Parte deles avalia ainda que a proposta do ministro Paulo Guedes (Economia) para furar o teto de gastos a fim de financiar o programa que vai substituir o Bolsa Família, o Auxílio Brasil, é puramente “eleitoreira”, sob medida para enfrentar a queda de popularidade do presidente Jair Bolsonaro (sem partido) às vésperas do ano eleitoral. A iniciativa deve afugentar os investimentos estrangeiros, tendo em vista a insegurança frente ao aumento do déficit fiscal.
“O que o Brasil precisa agora é de um movimento na direção contrária [à proposta de Guedes]”, diz Jeróme Cadier, presidente da Latam Brasil. Na opinião do executivo da companhia aérea -que tem boa parte das suas dívidas em dólar, moeda que beirou os R$ 5,70 nesta quinta-feira (21), em reação à fala de Guedes -, o país precisa encontrar maneiras de ser mais eficiente.
“É preciso que o Brasil gaste menos e, dentro do teto, consiga direcionar o auxílio que a população precisa”, afirma Cadier. “Não uma permissão para furar o teto, sem reduzir os gastos”.
Marcelo Silva, presidente do IDV (Instituto para Desenvolvimento do Varejo), concorda. “Defendo pessoalmente a renda mínima, o ser humano precisa comer e viver com dignidade, simples assim”, diz o executivo, que também é vice-presidente do conselho de administração do Magazine Luiza.
“Mas se a gente não faz uma gestão adequada dos gastos públicos, não vai ter imposto que aguente. É preciso fazer uma reforma administrativa que acabe com os privilégios”, afirma o executivo, lembrando que não haverá tempo hábil para a medida por conta do ano eleitoral. “Mas isso deve estar na agenda do Congresso a partir de 2023”.
Na opinião de um alto executivo de uma administradora de shopping centers, que prefere se manter no anonimato, furar o teto de gastos só vai afastar o investidor estrangeiro. Ele afirma que o varejo brasileiro vive um momento de retomada, as pessoas estão mais seguras em voltar a circular, tendo em vista o avanço da vacinação. Mas o retorno fica comprometido, tendo em vista o receio dos investidores em aportar recursos no país em que “não se sabe o dia de amanhã”.

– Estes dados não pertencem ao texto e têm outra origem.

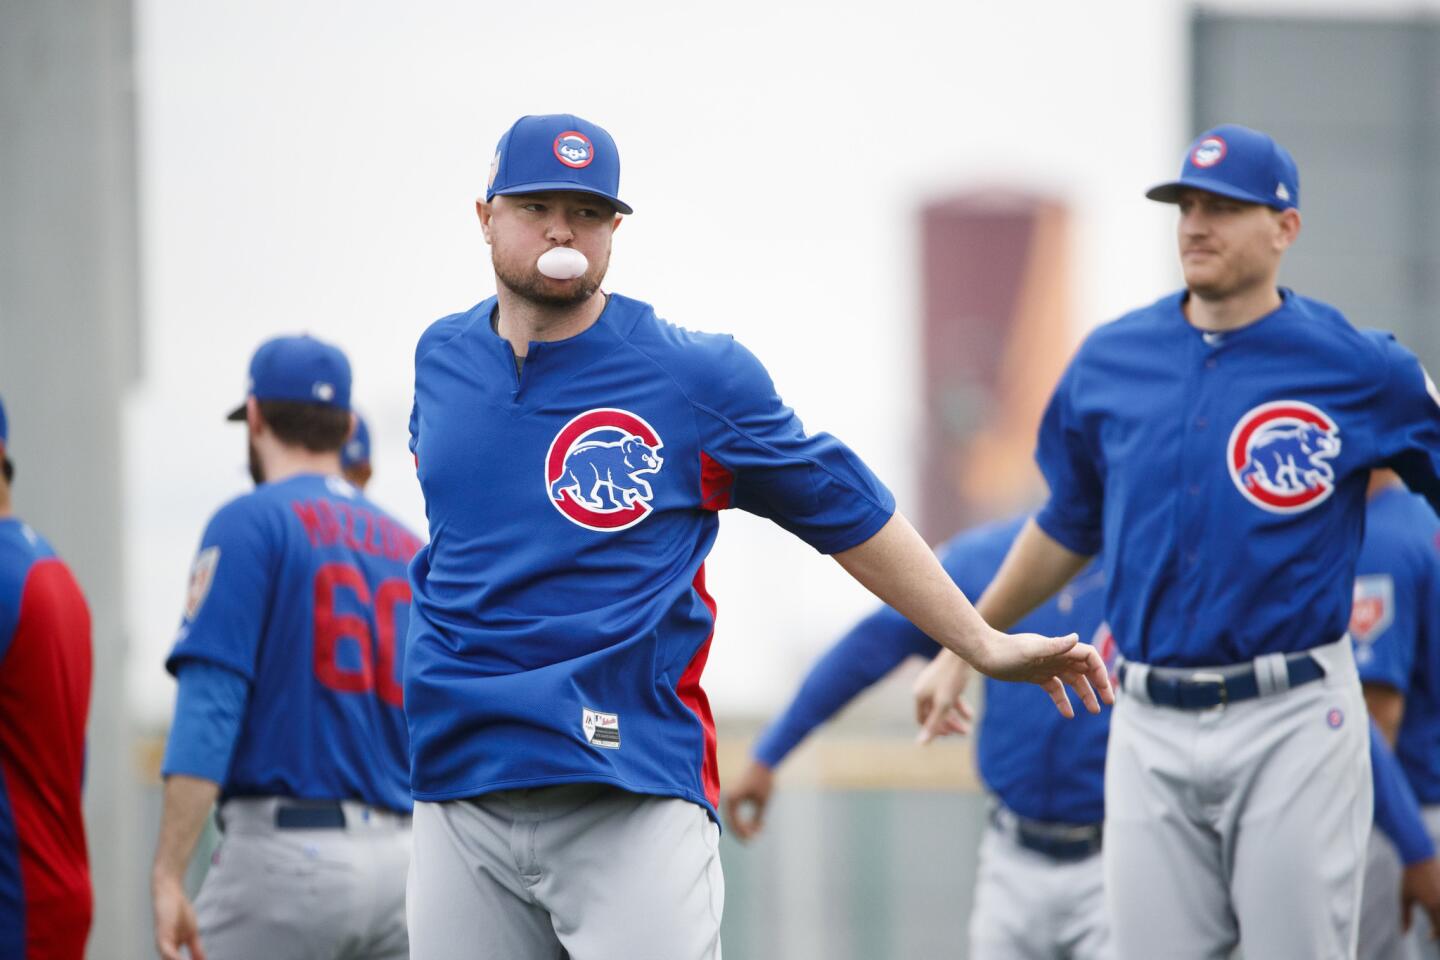 chi-ct-ct-cubs-spring-training-0215-54-ct0063681009-20180215
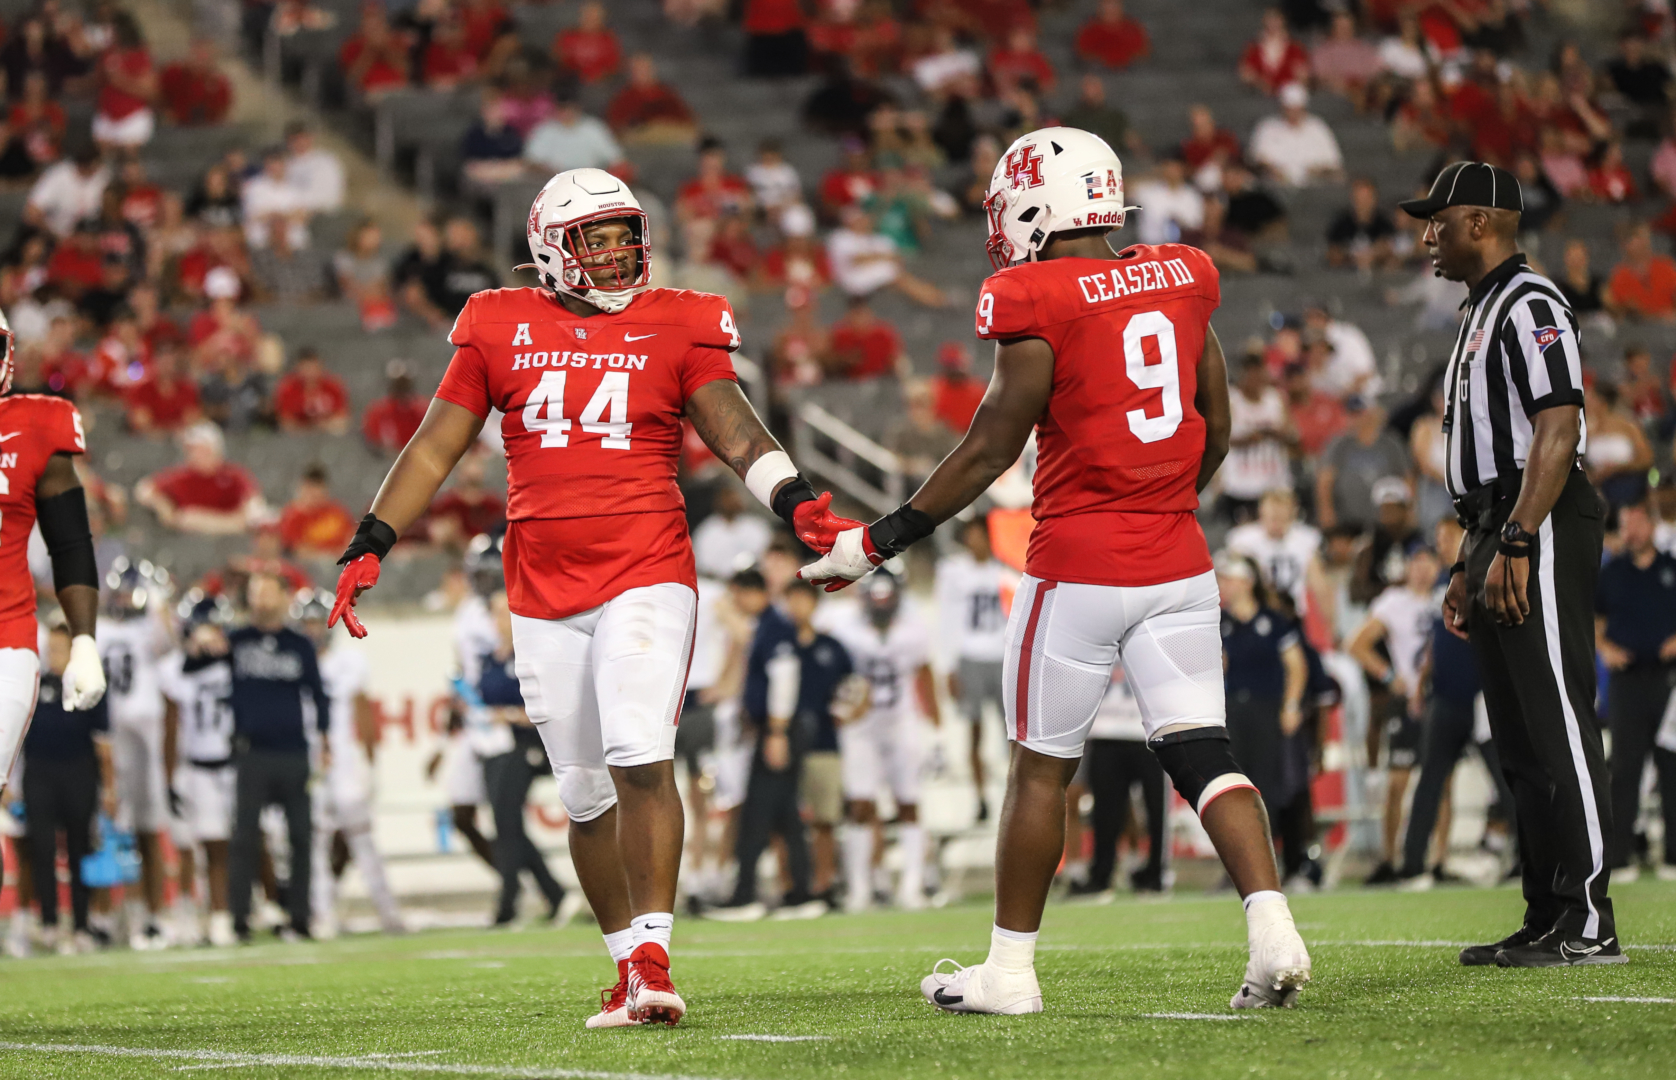 UH football defensive ends D'Anthony Jones and Nelson Ceaser were the heroes for the Cougars in the win over Rice last Saturday. | Sean Thomas/The Cougar

Segundo ele, “esse governo não dá descanso” e praticamente toda semana gera um ponto de conflito institucional ou uma “novidade” para o setor privado – desde a proposta de fixar um índice de reajuste dos contratos de aluguel comercial, até a ideia de mudar a composição do Conselho do Ministério Público, passando pela PEC (Proposta de Emenda à Constituição) dos Precatórios.
Para outro executivo do varejo, com o furo do teto de gastos, o Brasil vive um momento em que “se ficar, o bicho pega, se correr, o bicho come”. Isso porque, se não der o auxílio, o país vai viver uma convulsão social. Mas, se conceder o benefício, vai alargar o déficit público e aí o “Brasil não tem mais jeito”. Na opinião deste executivo, a única coisa que o Brasil precisa é de gestão com integridade.
“Eu acho que sempre haverá desculpas neste país, que precisa administrar a escassez, ao criar razões para fazer o que é errado, sacrificando muito do futuro pelo pouco do presente”, diz Horacio Lafer Piva, membro do conselho de administração da Klabin, fabricante de papel e celulose.
Na opinião do executivo, há soluções e recursos empoçados. “Não se pode continuar com esta insegurança jurídica e estes compromissos de mentirinha. O teto é nossa sobrevivência”, afirma Piva, descendente de um dos fundadores da Klabin, líder na produção e exportação de papéis para embalagens e na produção de embalagens de papel.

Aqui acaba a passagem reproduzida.